Noteworthy: There is no need to synchronize vShield Manager with vCenter or register the vShield Manager as a vSphere Client plug-in when using vShield Manager with Cloud Director.


Cloud Director requires the use of SSL to secure communications between clients and servers.  You must create two certificates for each member of the cluster and import the certificates into the host keystores. You need to execute this procedure for each host that you intend to use in your Cloud Director cluster!

  • Cloud Director installer places a copy of keytool in /opt/vmware/cloud-director/jre/bin/keytool
  • You can use signed certificates (by a trusted certification authority) or self-signed certificates (most private cloud implementations)

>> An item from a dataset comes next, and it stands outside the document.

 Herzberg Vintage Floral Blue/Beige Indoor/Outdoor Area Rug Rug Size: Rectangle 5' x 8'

vCD Network Configurations

The network configuration for vCD is comprised of pools which are undifferentiated. These are used in turn to create vApp networks and various types of organizational networks. At the core is vSphere’s network resources that have VLAN, port groups and isolated network segments. vCD takes these network resource pools and creates routed NAT configurations, internal organizational segments and all of the vApp networks. Each vCD organization (within Cloud Director) can have only one network pool, but multiple vCD’s can share the same pool.

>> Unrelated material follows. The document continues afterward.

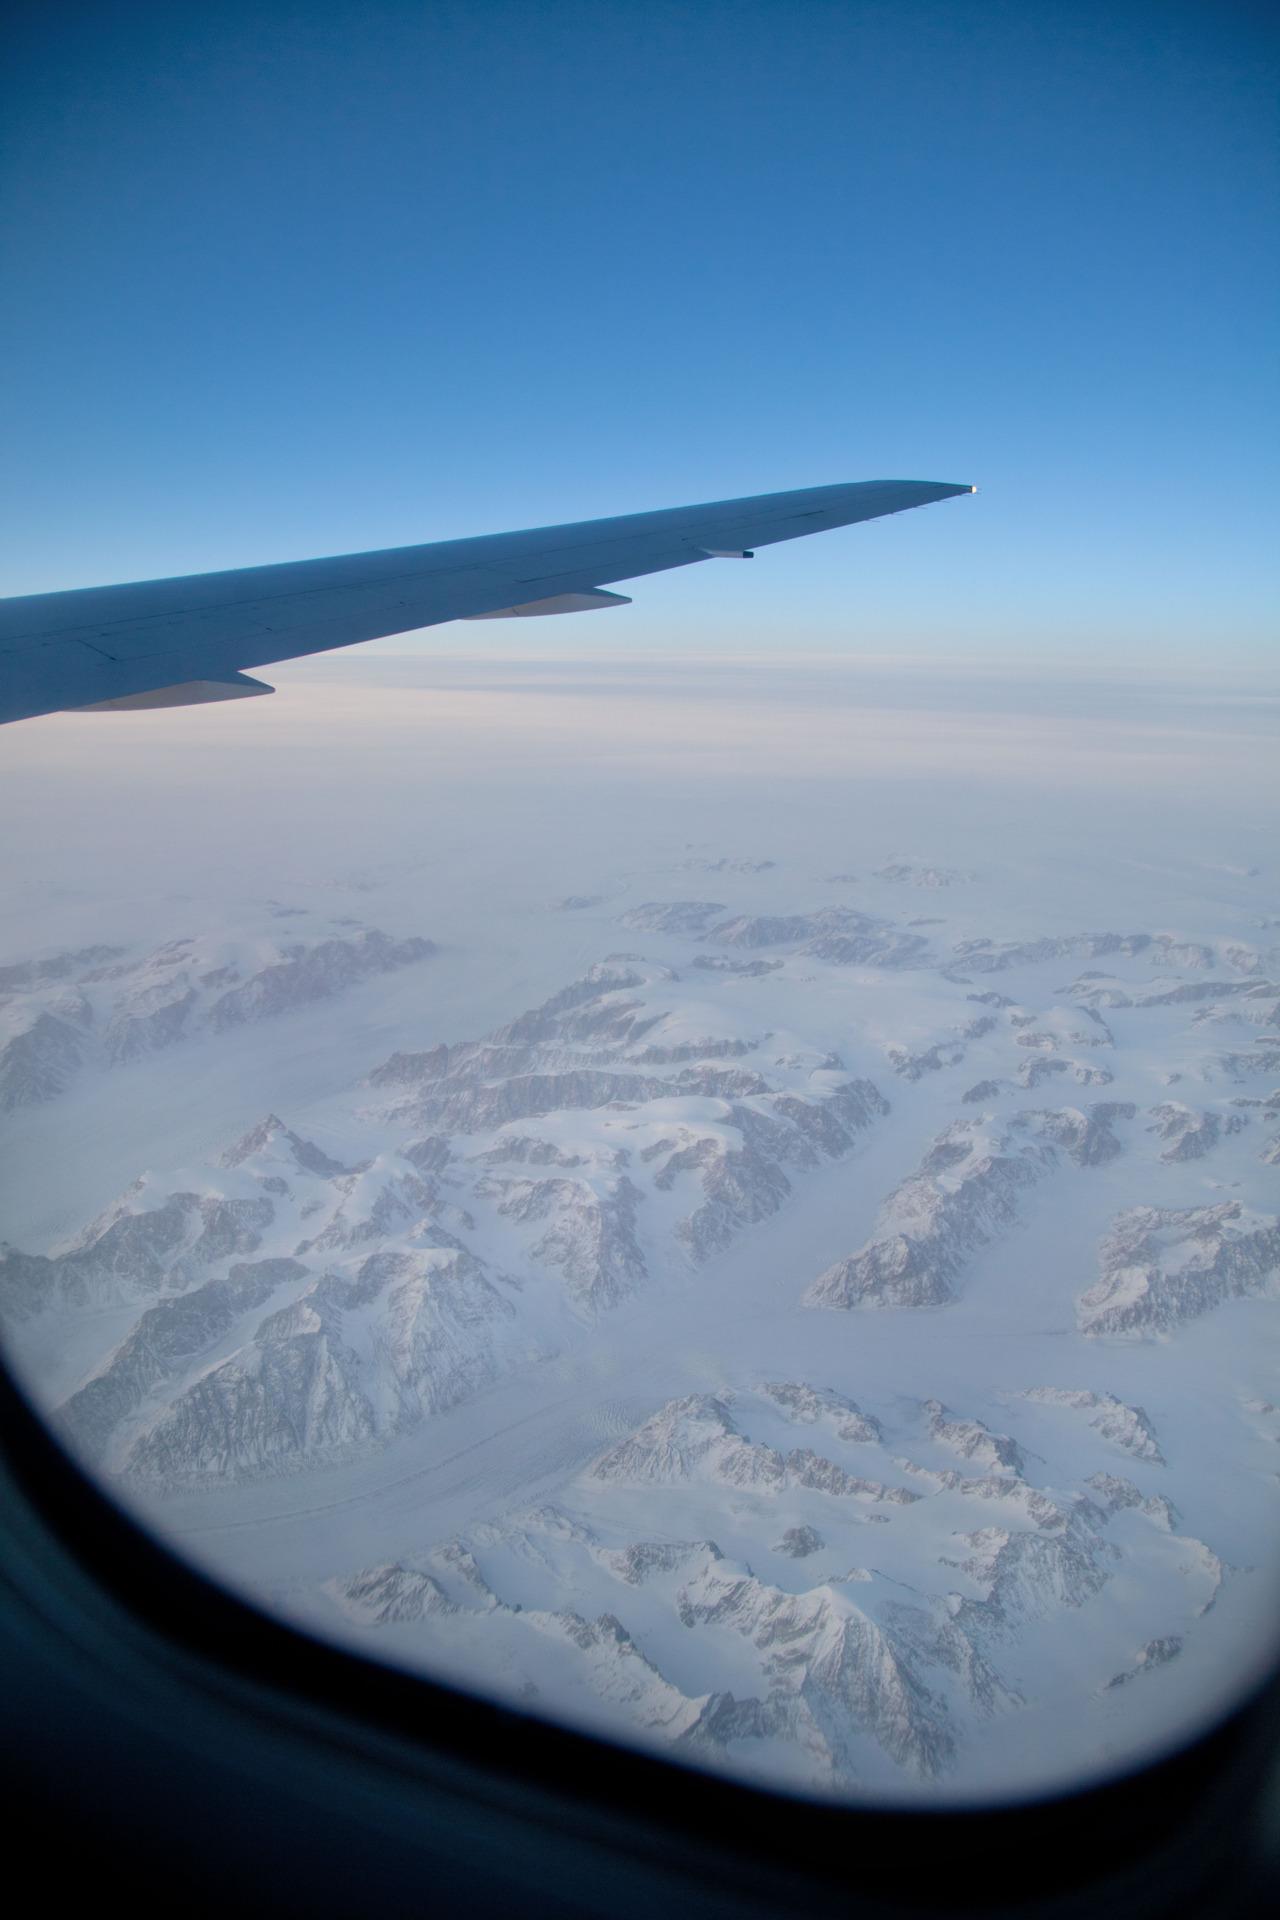 p366, take 26: Greenland

There are basically three types of organizational networks:

  1. Direct Connect (External Organization Network)
  2. NAT or Routed (External Organization Network)
  3. Internal Organization Network

General Guidelines of vCD Deployments

  • The database must be configured to use the AL16UTF16 character set.
  • Cloud Director software is installed on each server host and is then connected to the shared database
  • A network pool “resource” must be created for use with vApp networks or Organizational Networks and prior to the build-out of Organizational or vApp networks. If these two entities are not built, only the direct connect option to the provider network will be available.
  • Each host should have access to a Microsoft Sysprep deployment package
  • Network time is critical! Make sure that all Cloud Director hosts are synchronized since the maximum drift on this is 2 SECONDS!